:: Exercise ::
Output all of the data exactly, keeping any images out of the copy.

-------- Collected material

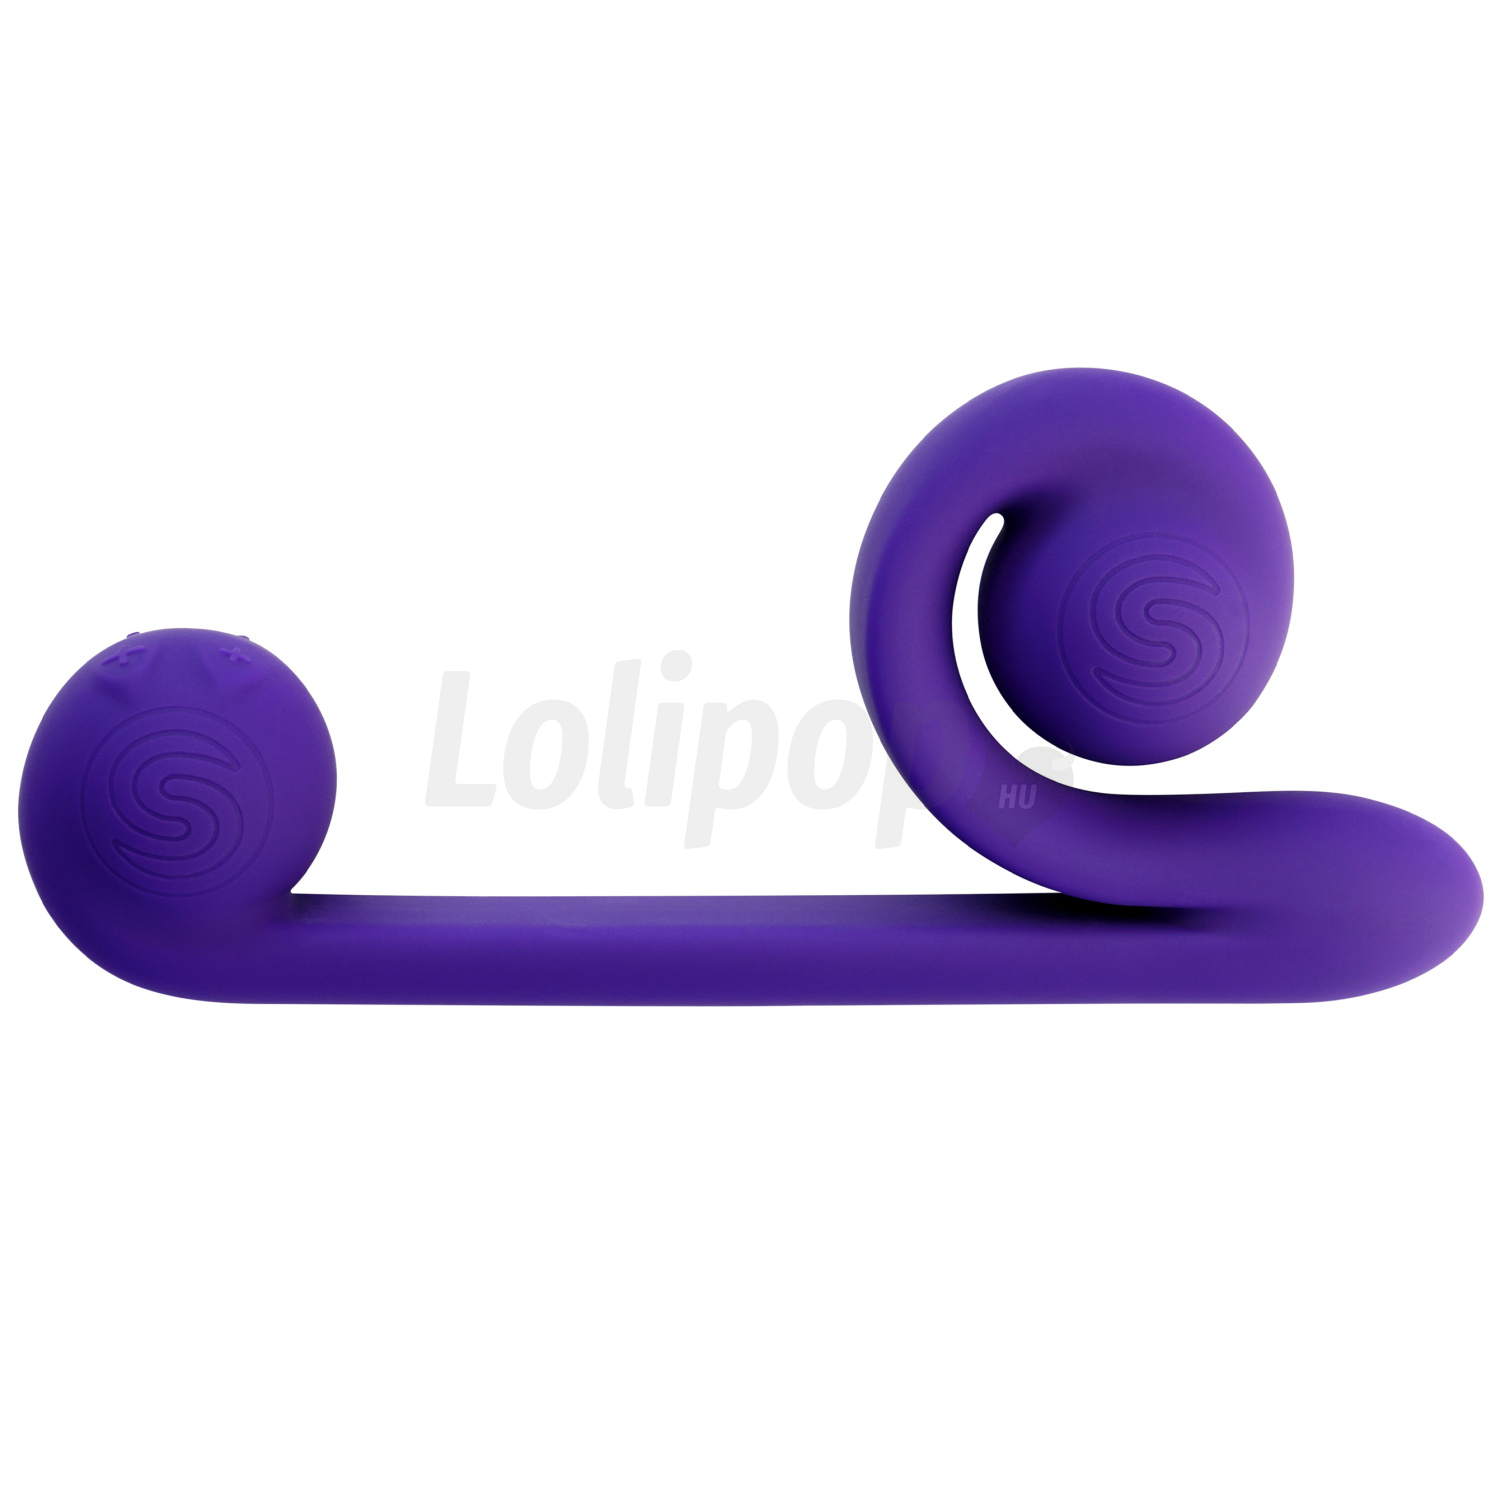 Snail Vibe Duo - akkus, 3in1 stimulációs vibrátor (lila)
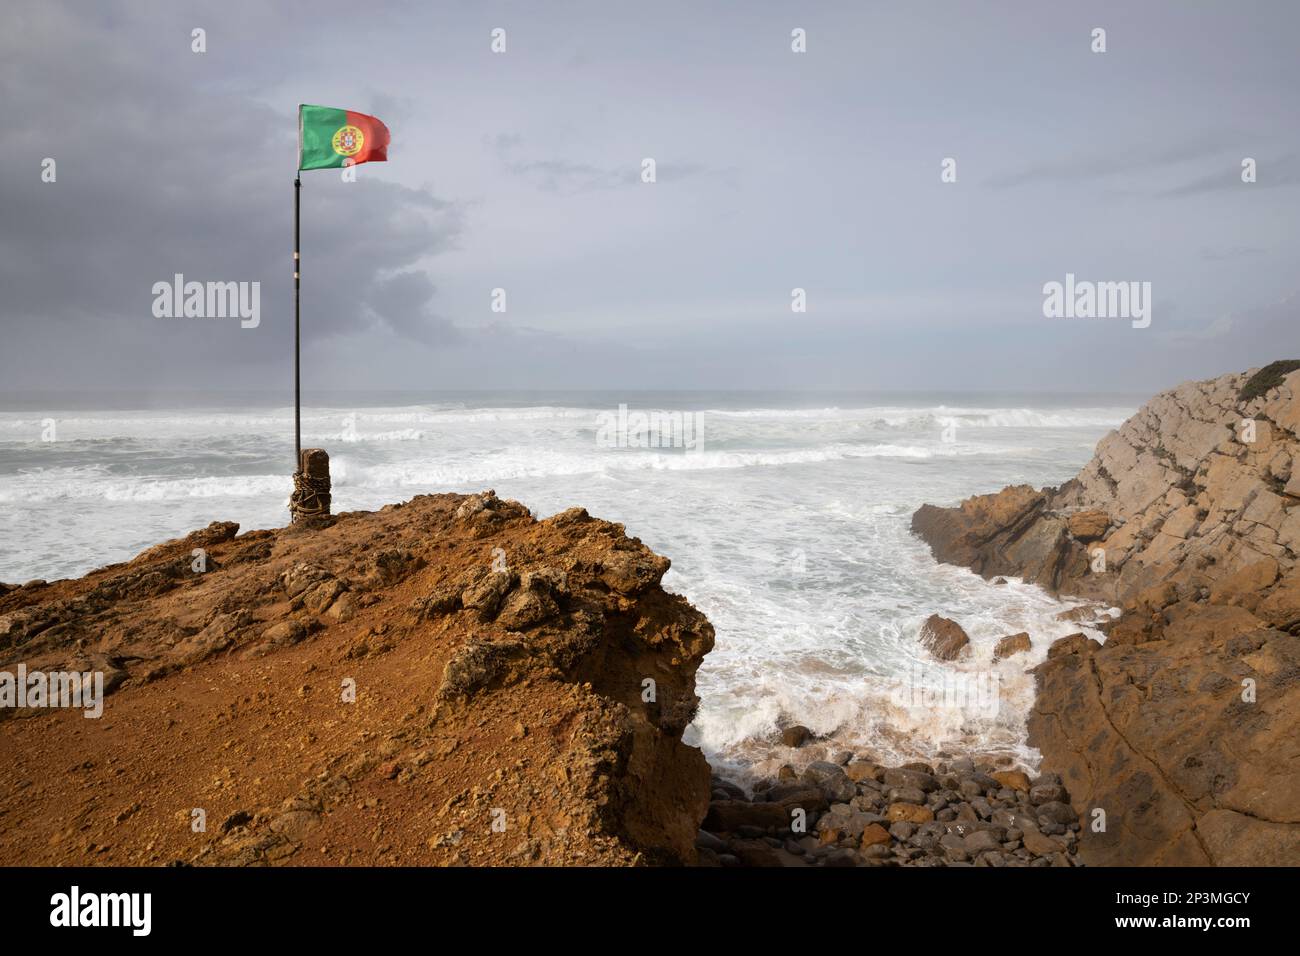 Bandera portuguesa volando en viento con las olas tormentosas del océano Atlántico rompiendo en la playa de Praia do Guincho Foto de stock
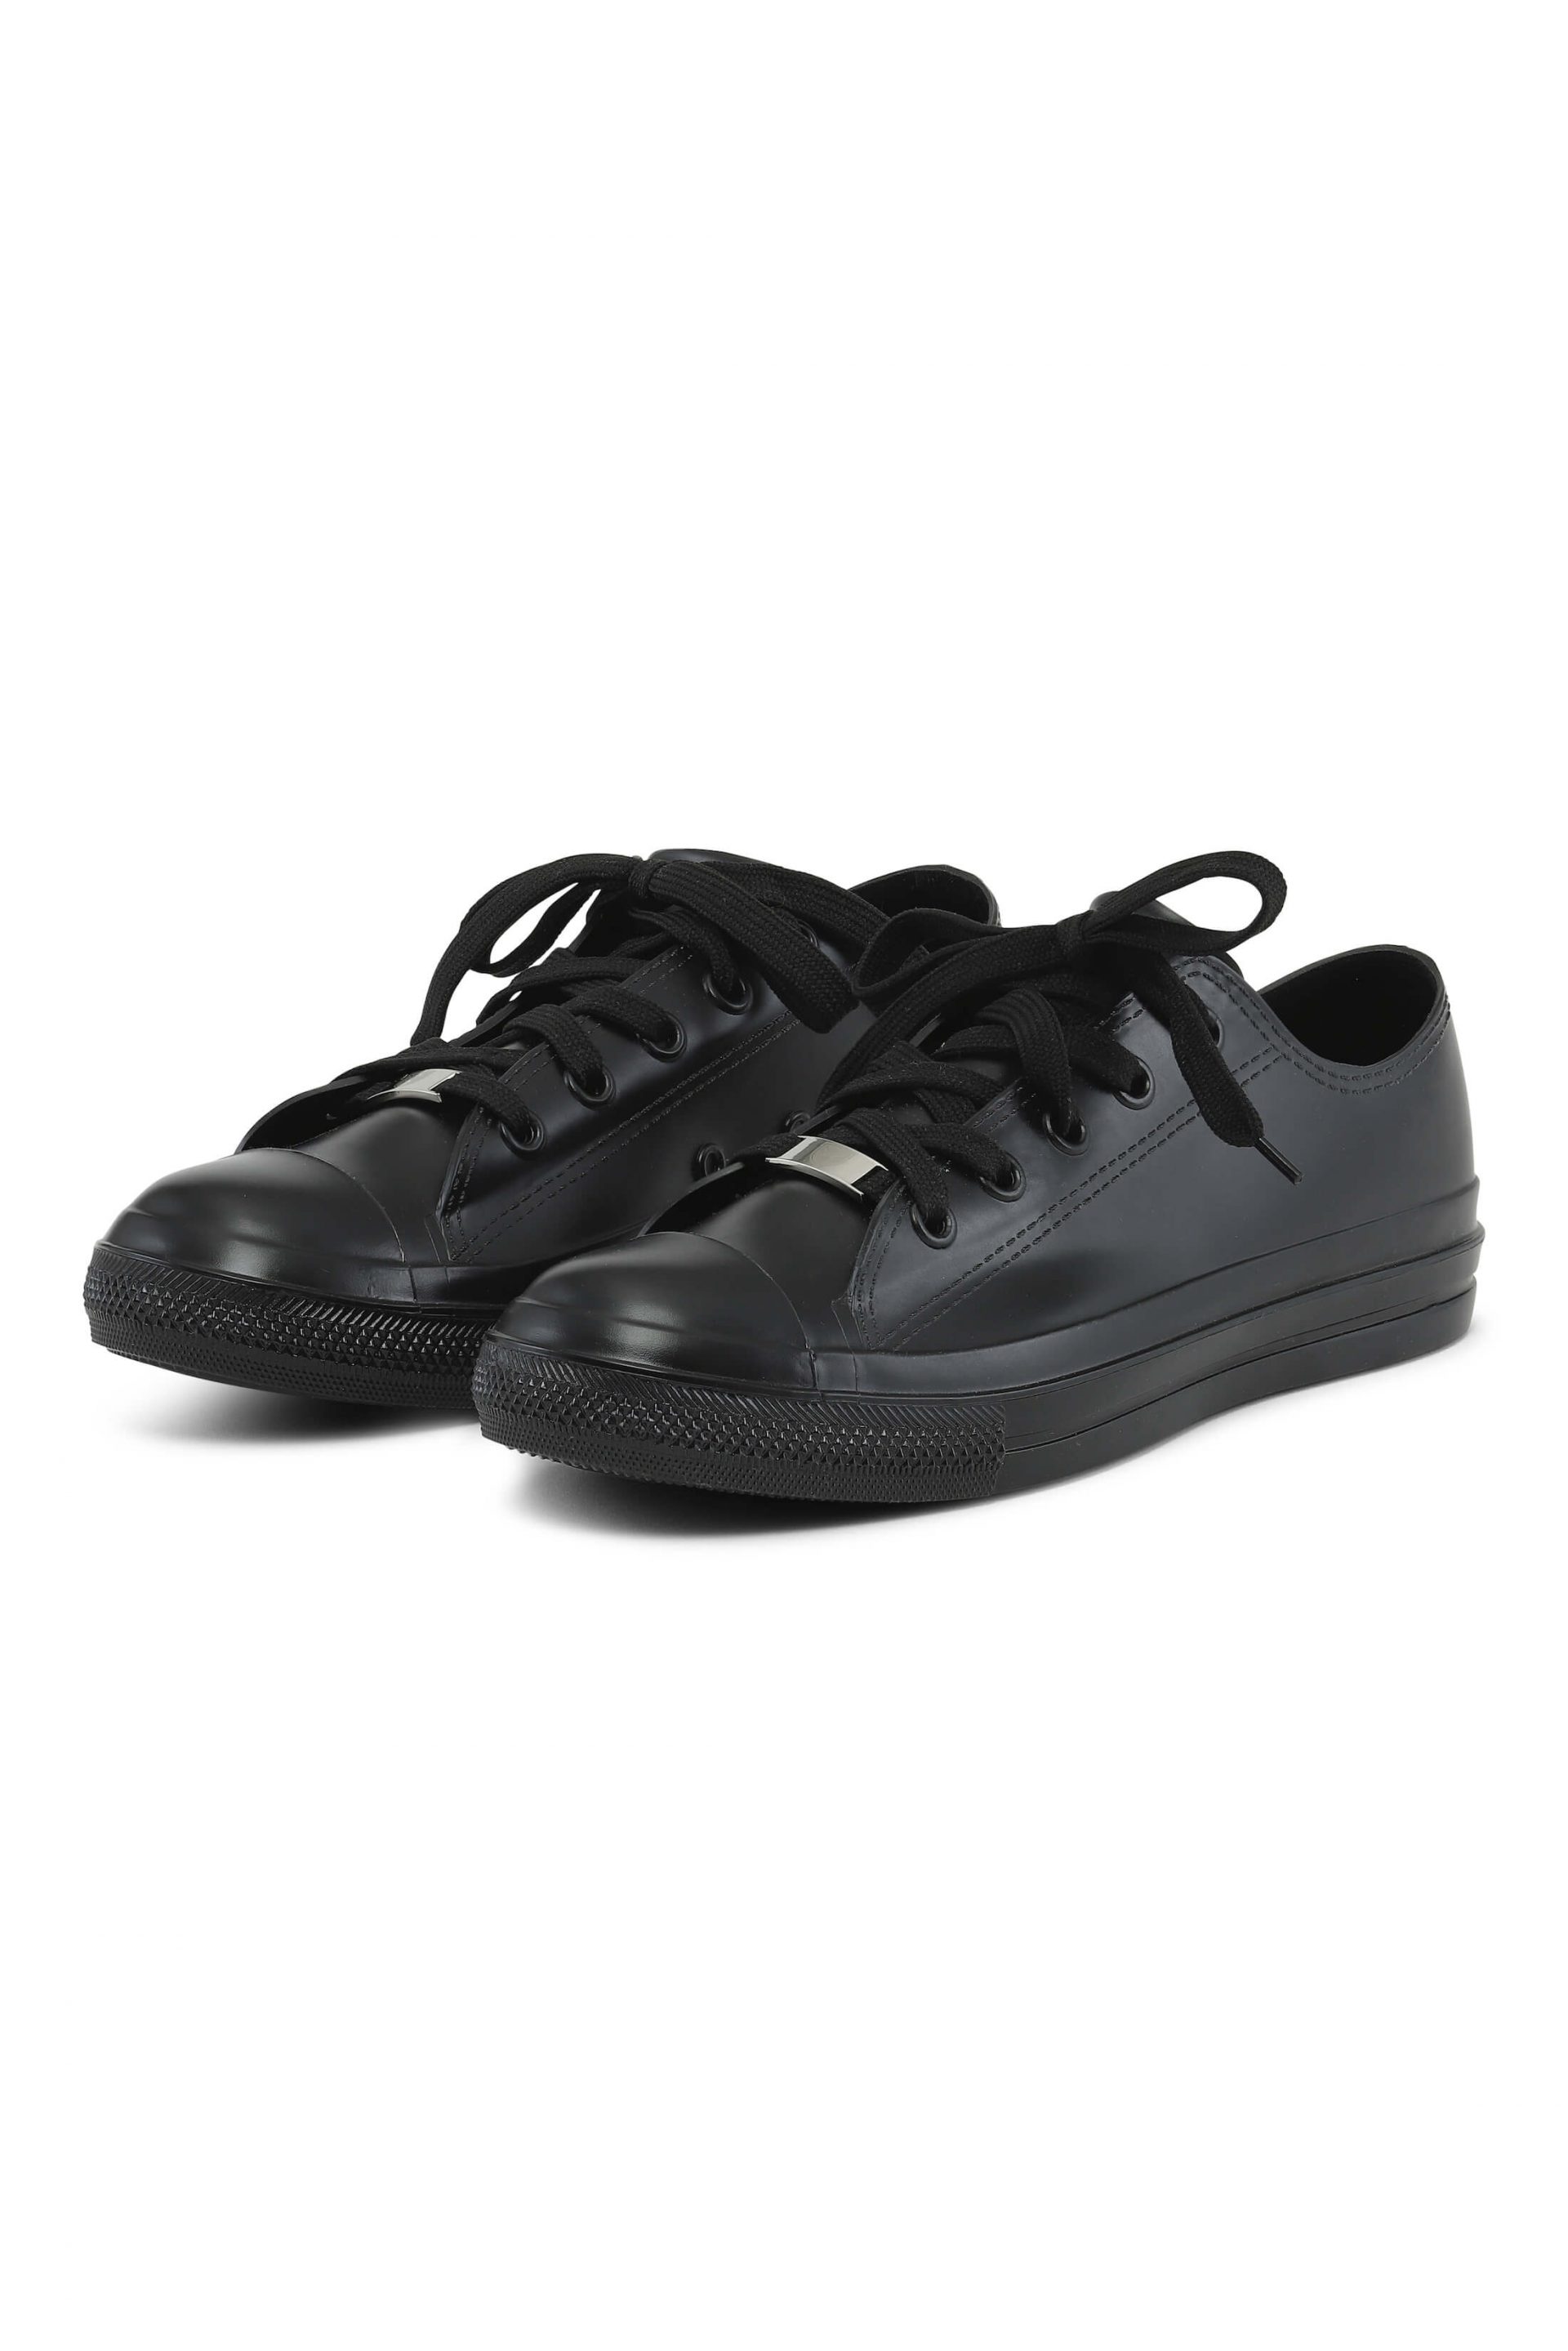 Black water-resistant sneakers
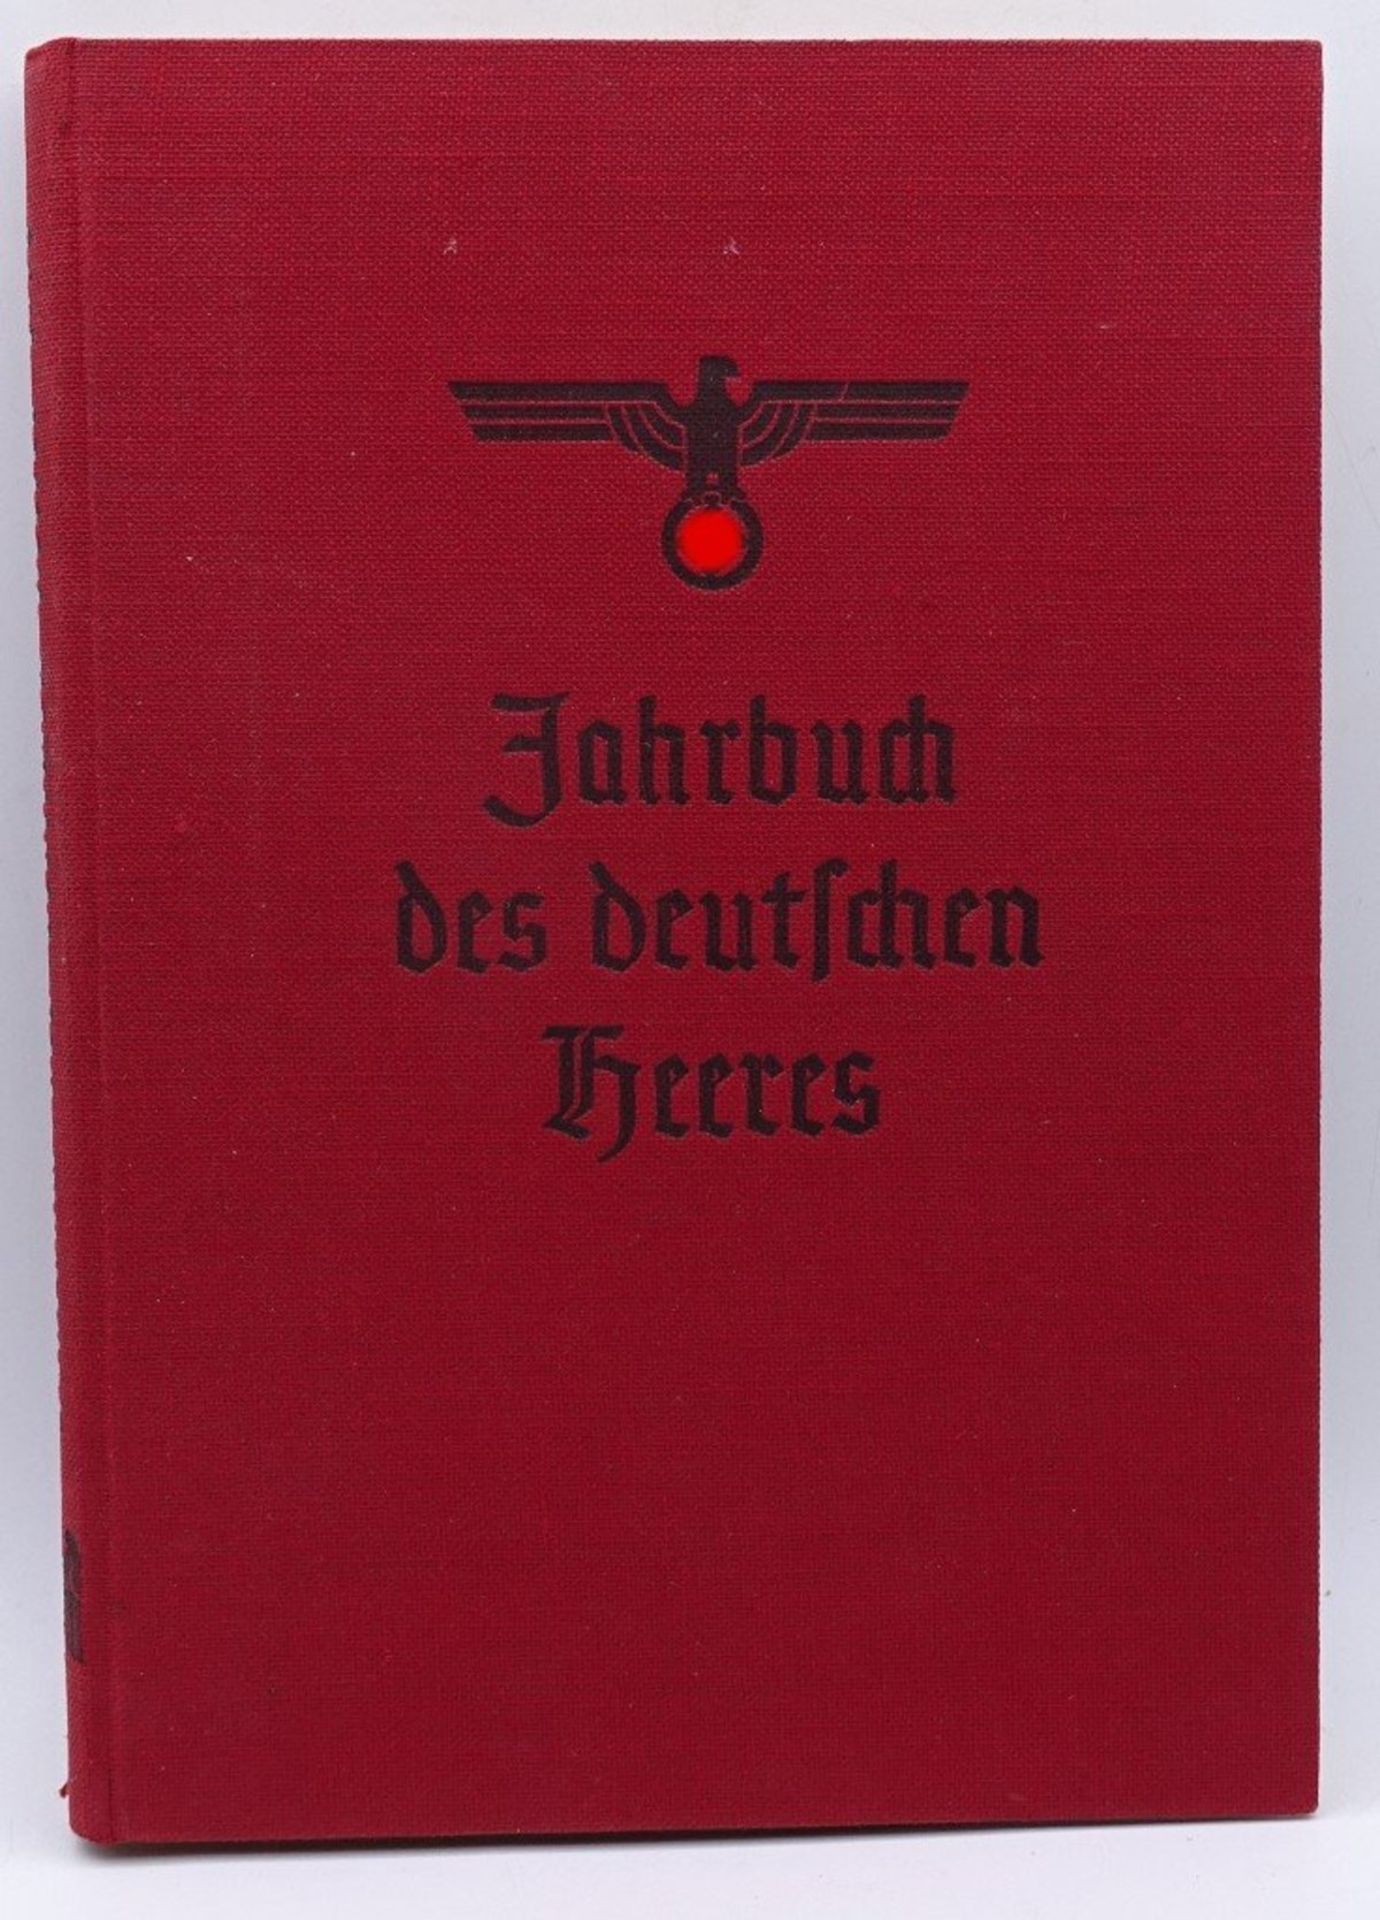 Jahrbuch des deutsches Heeres 1938

----------------

:: Answer section ::
 Snail Vibe Duo - akkus, 3in1 stimulációs vibrátor (lila)
 Bandera portuguesa volando en viento con las olas tormentosas del océano Atlántico rompiendo en la playa de Praia do Guincho Foto de stock
 Black water-resistant sneakers
 Jahrbuch des deutsches Heeres 1938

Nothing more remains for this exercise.